The first step is to get all the dead cats on the table. Make sure you know the full extent of the problem. This can be really hard work. As we know, people will often hide bad news. You’ve got to find the root cause and you’ve got to stem the bleeding. So, make sure you don’t take anything on face value.
Challenge every statement with questions about what and why. Your main objective here is to expose the irrational optimism in your team’s recovery plans. You’ve got to force people to face the reality of their situation. Don’t let them off the hook with the standard approach that they’re going to default to, which is, “Well boss, the delay was bad, but now everything is good.“
The second step of the process is to recast the value case and make sure it still makes sense to continue. Very few leaders do this. Once you have a good sense of the impacts, go right back and re-evaluate why you started the work in the first place. Instead of assuming that your organization is going to suck up the additional cost and time of a delay, use it as a review point.
Now that we know the value we’re going to deliver is less than originally anticipated, does it still make sense to continue? There’s no point in putting good money after bad, so always be prepared to walk away from a sunk cost.
The third step in the process is to make real change to recalibrate. If you want a different outcome going forward, then you have to make changes. What are you going to do differently to improve the outcomes?
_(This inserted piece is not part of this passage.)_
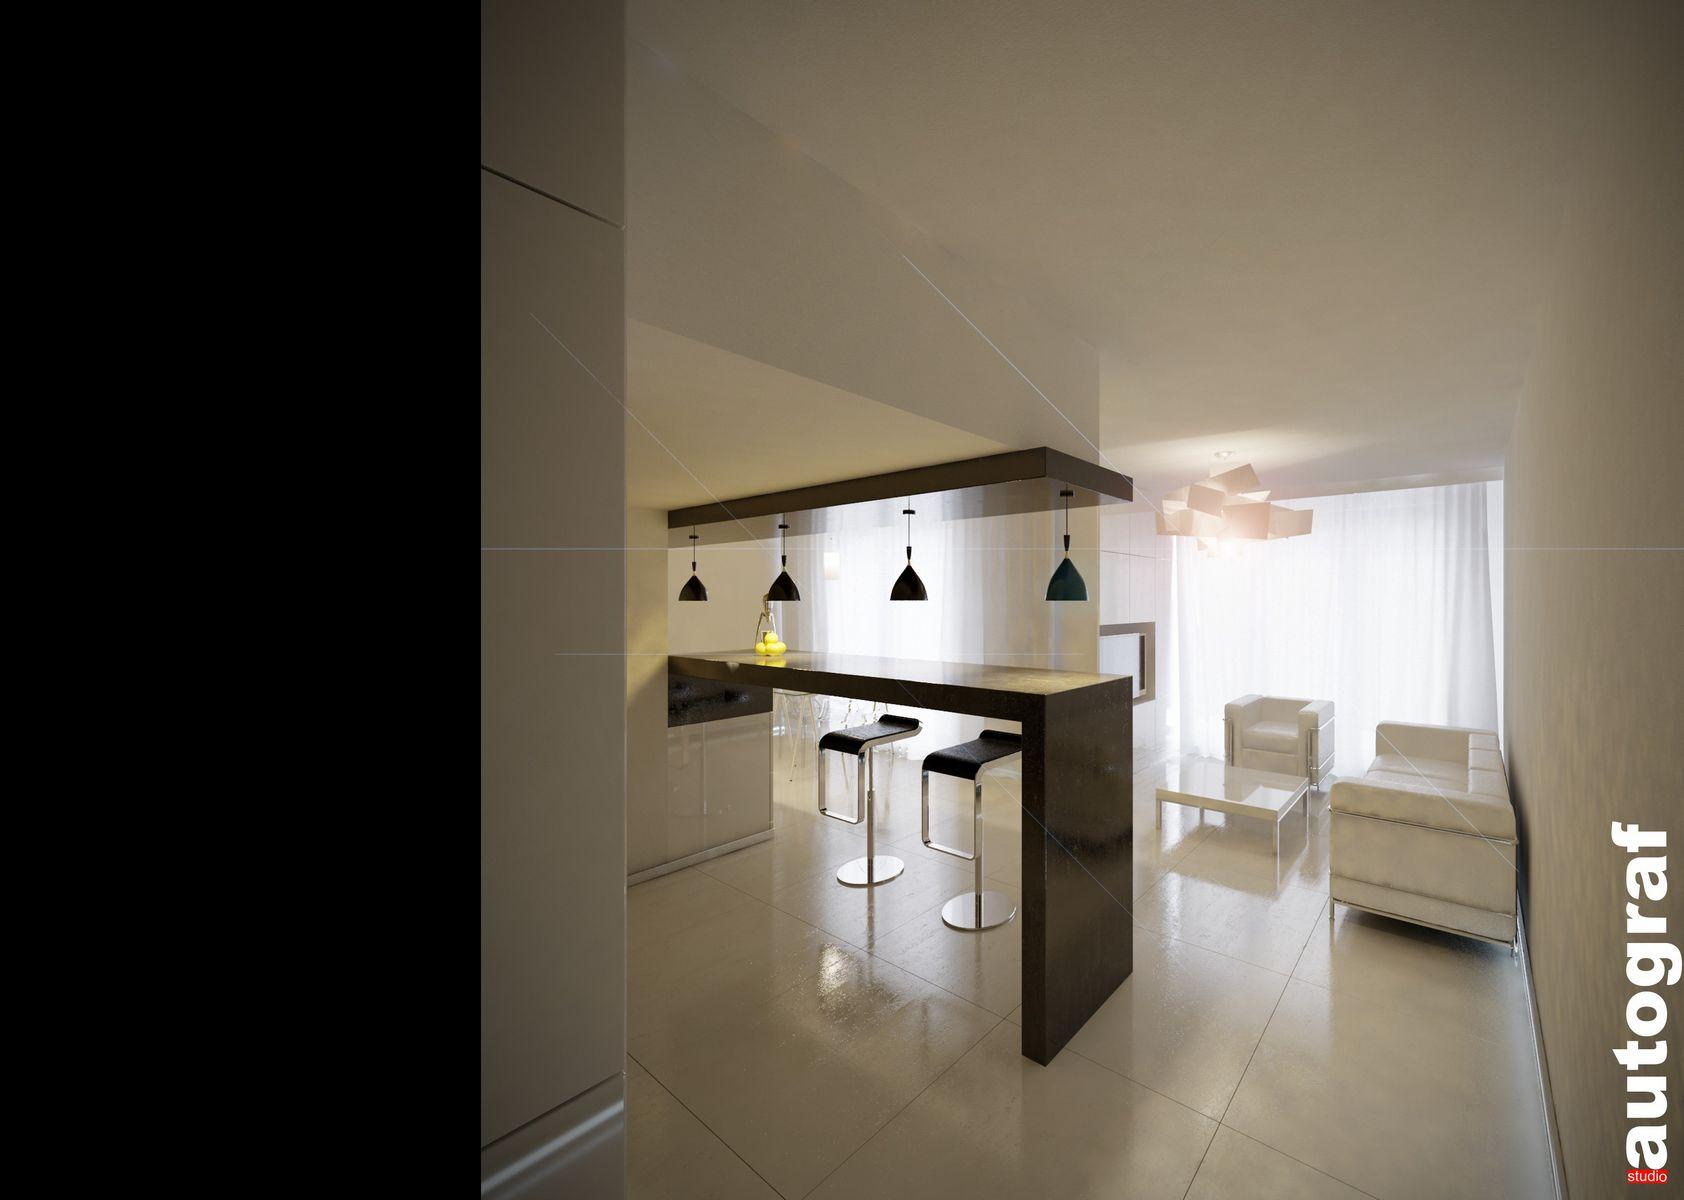 Apartament książąt pomorskich - wizualizacja 1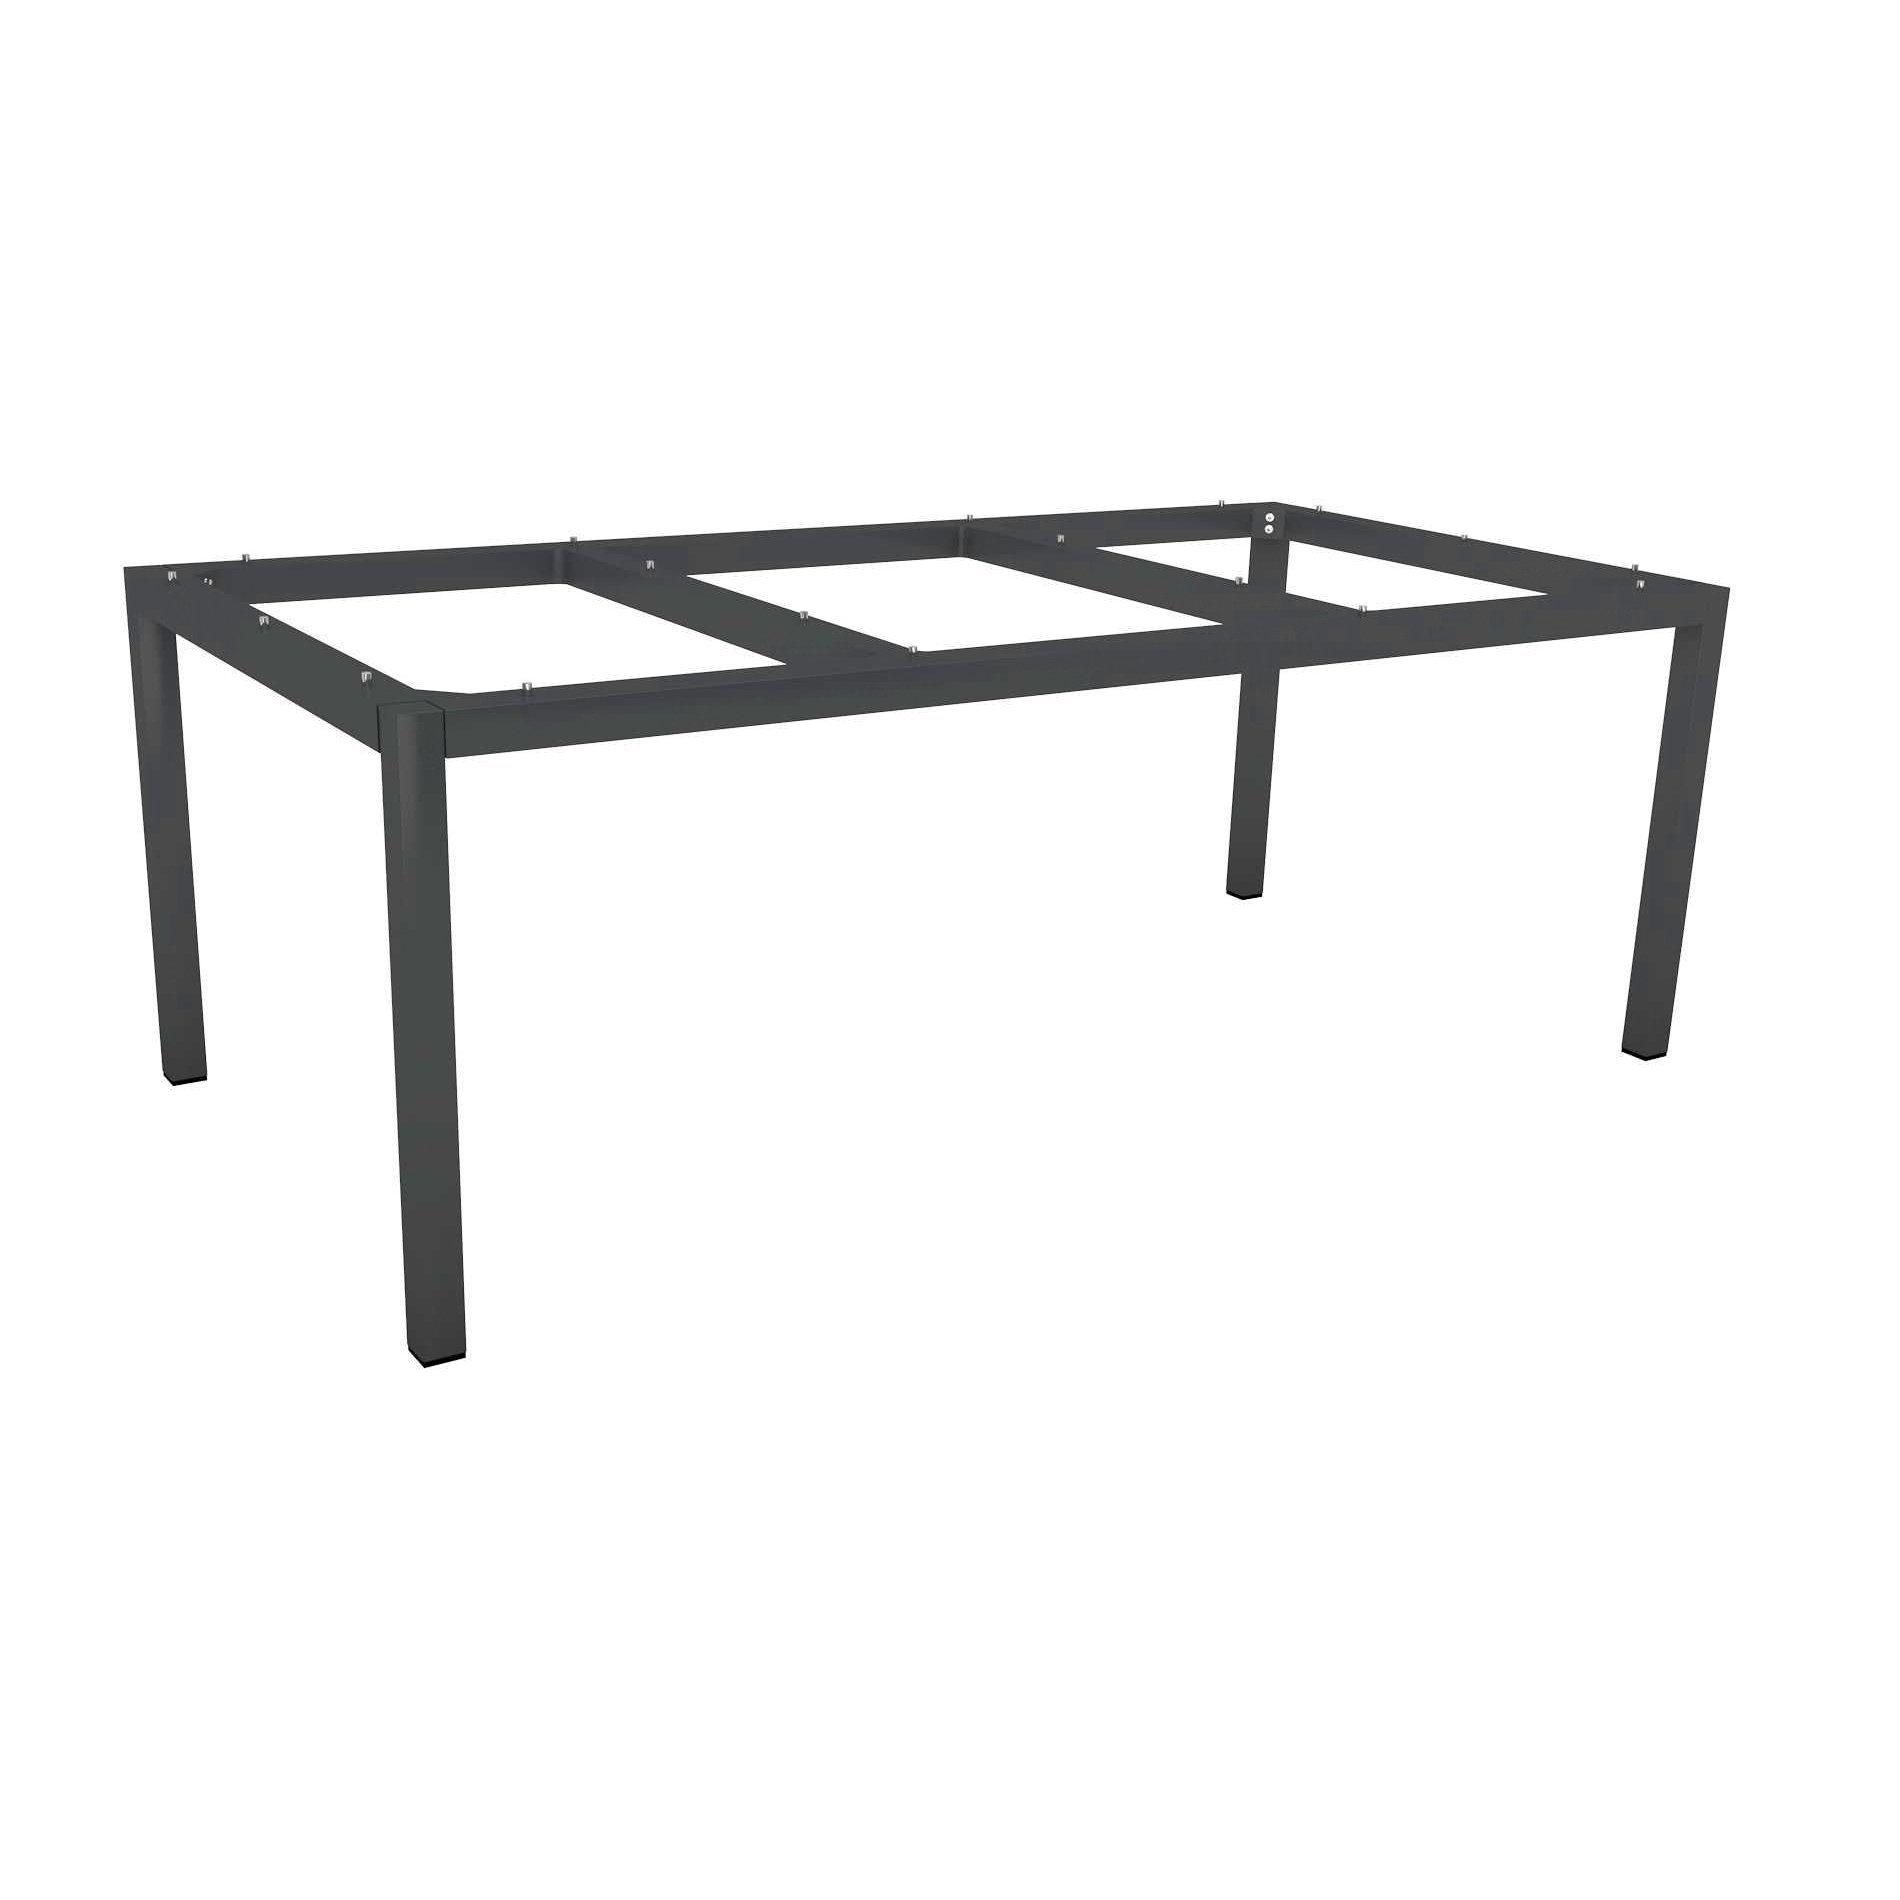 Stern Tischsystem Gartentisch Aluminium/Granit

Some of this might simply be recasting of cost and time parameters but, on other occasions, you’re going to need to replace one or more people who haven’t been able to deliver. Just t be clear though – I’m not suggesting witch hunts and scapegoating. But if you have, let’s say, a project manager who has repeatedly covered up issues, that person is really unlikely to change going forward. If you haven’t got someone you trust? Get someone you can trust.
Now you’ve taken three important steps:
- You’ve got all the dead cats on the table;
- You’ve recast the value case; and
- You’ve made real changes to recalibrate the initiative.
For the final step of the process, you’re now in a position to communicate to your stakeholders. Here are some important rules of thumb for your disclosure:
The first thing is, don’t sugarcoat it, whatever you do. You don’t want to erode your stakeholders’ trust in you or the process that you are undertaking.
You should also think of this as though you have one shot in the locker. If you have to reset expectations, do it once and only do it once and do it right. Get everything you need in place to make a recommendation about the go-forward position. If you go back to that well more than once, your stakeholders will understandably get the impression that you don’t know what you’re doing.
In addition to this, try to strike the balance between providing certainty, while still giving options. Don’t just assume that the best outcome is to suck up the delay and keep going regardless. Give your stakeholders the information they need, and provide them with options and a recommended decision.
This is going to help you to rip the band-aid off quickly. You get everything on the table… you give your stakeholders the confidence that you know what you are doing… you map a path forward… and, in the very acceptance of the plan, you have recalibrated expectations around your new delivery parameters.
MANAGING THE PINCH POINTS
Let’s face it, even in the best run teams, delays are going to occur. As a leader, your job is to anticipate these delays, investigate them, and navigate the new reality that you are faced with. Nothing will erode your stakeholders’ confidence in you faster than your inability to handle slippages in your work program decisively.
But if you can get this right, your leadership stock is going to rise rapidly.